DATA EXTRACT |
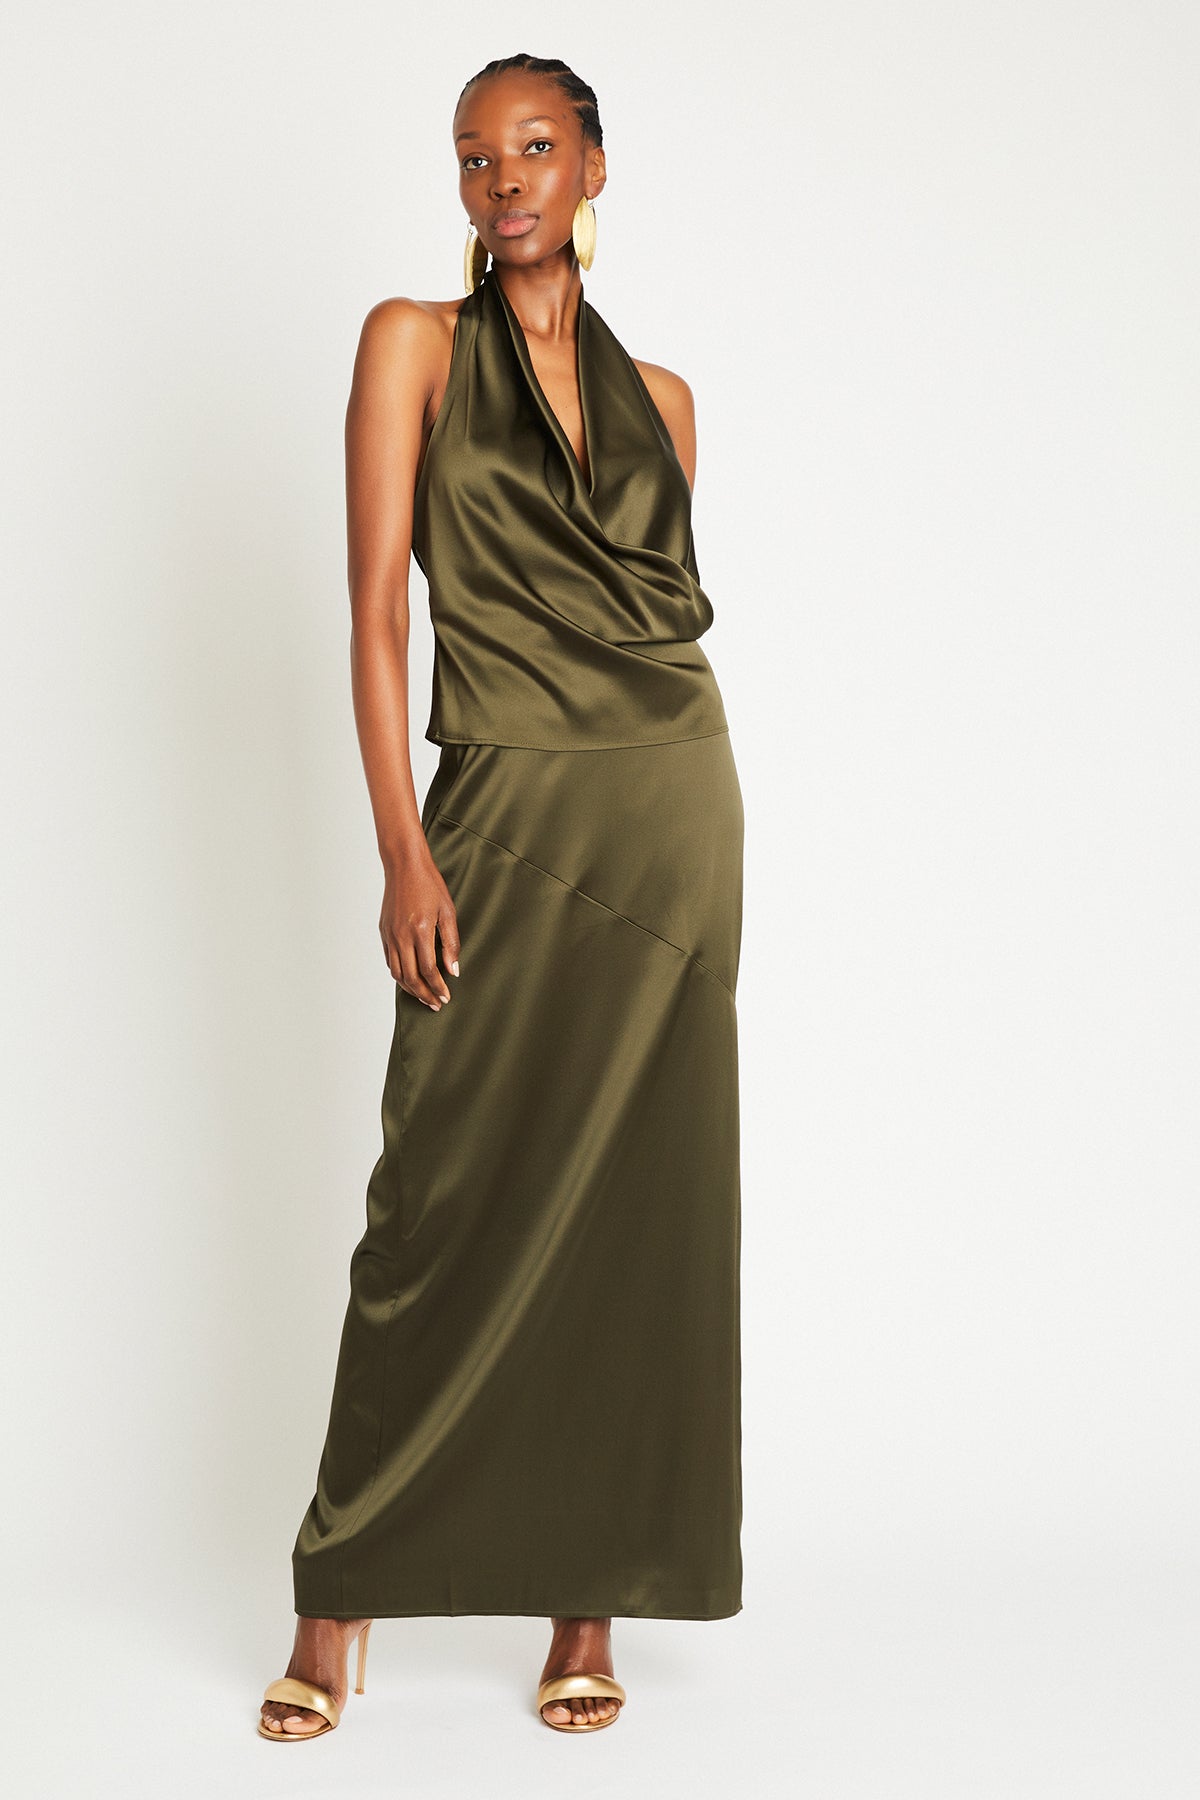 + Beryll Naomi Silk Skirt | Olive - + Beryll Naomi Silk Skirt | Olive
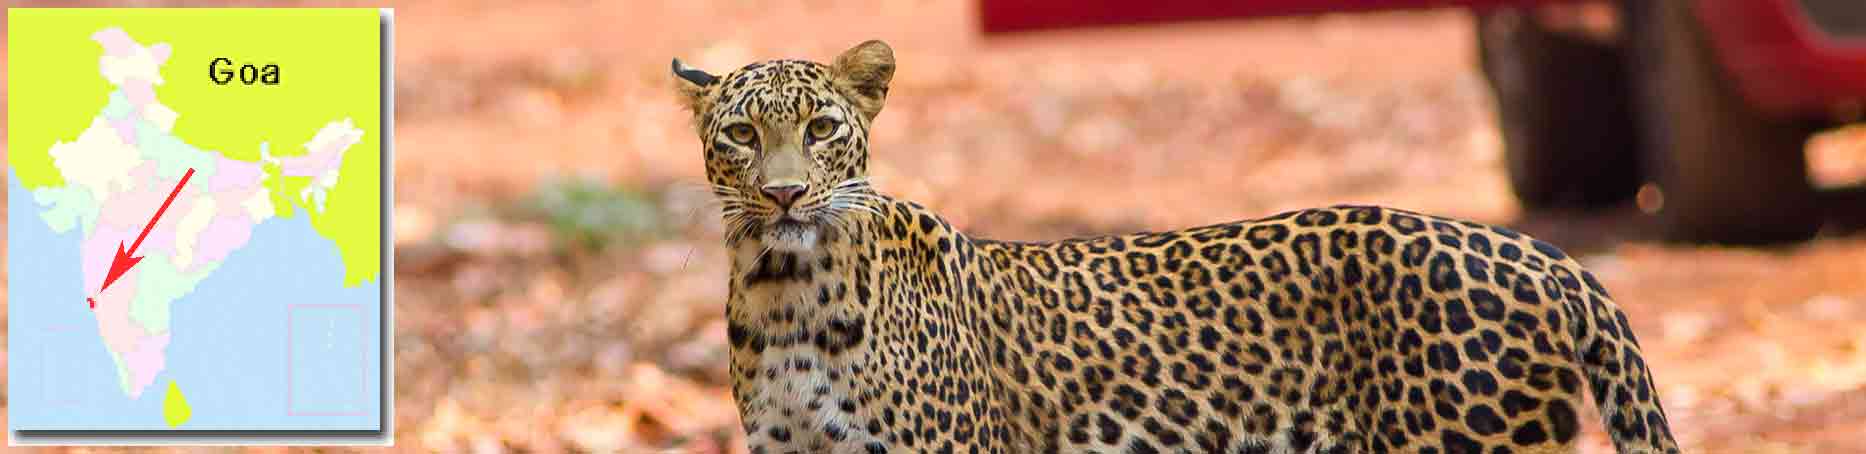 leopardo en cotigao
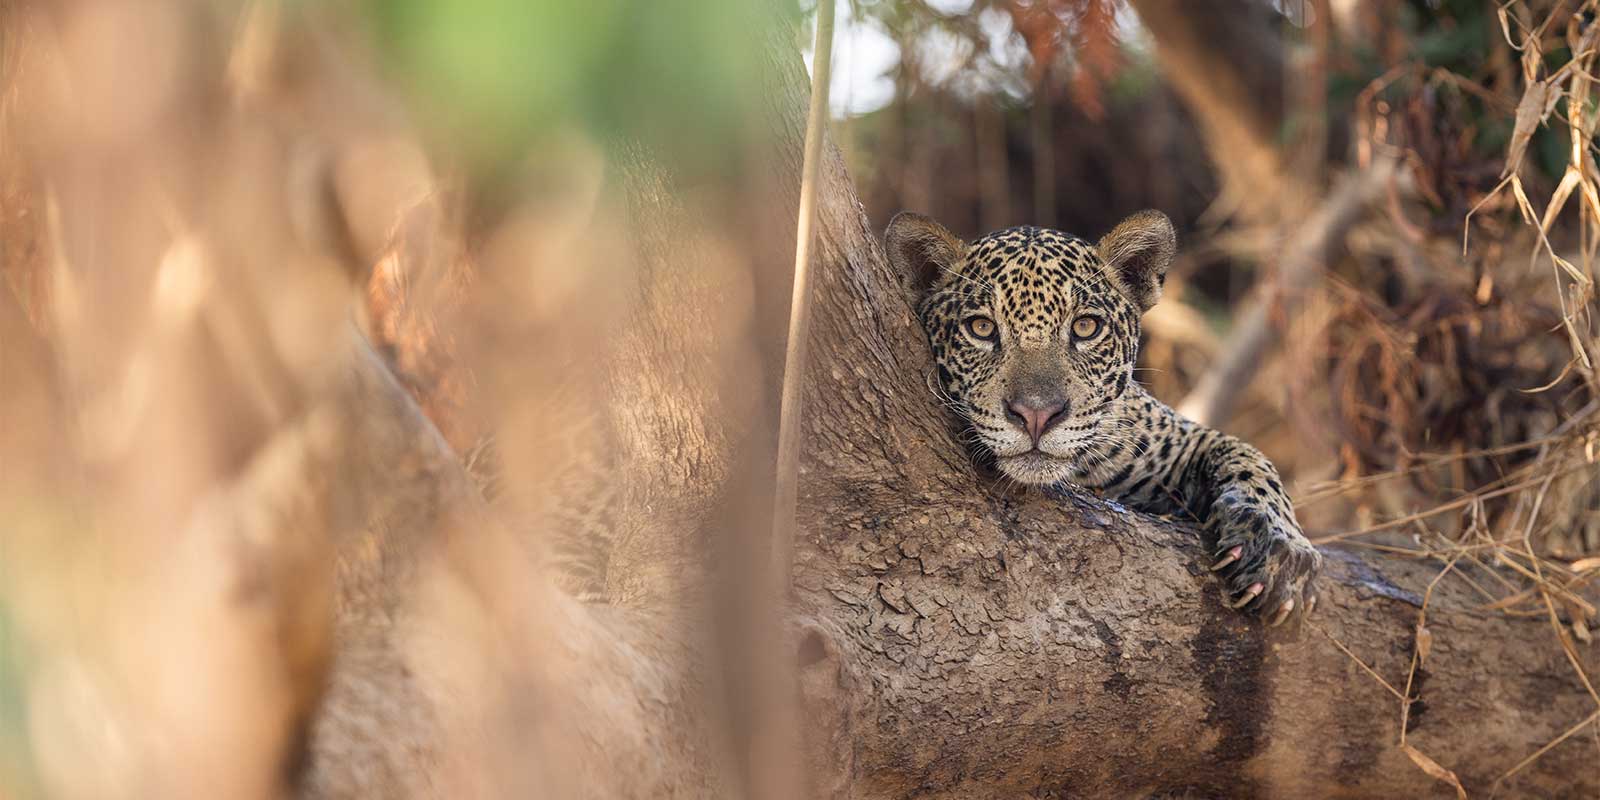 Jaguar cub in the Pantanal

THE PROBLEM | Each line of the data above must be repeated exactly, images excluded.

TASK ANSWER |
 + Beryll Naomi Silk Skirt | Olive - + Beryll Naomi Silk Skirt | Olive
 leopardo en cotigao
 Jaguar cub in the Pantanal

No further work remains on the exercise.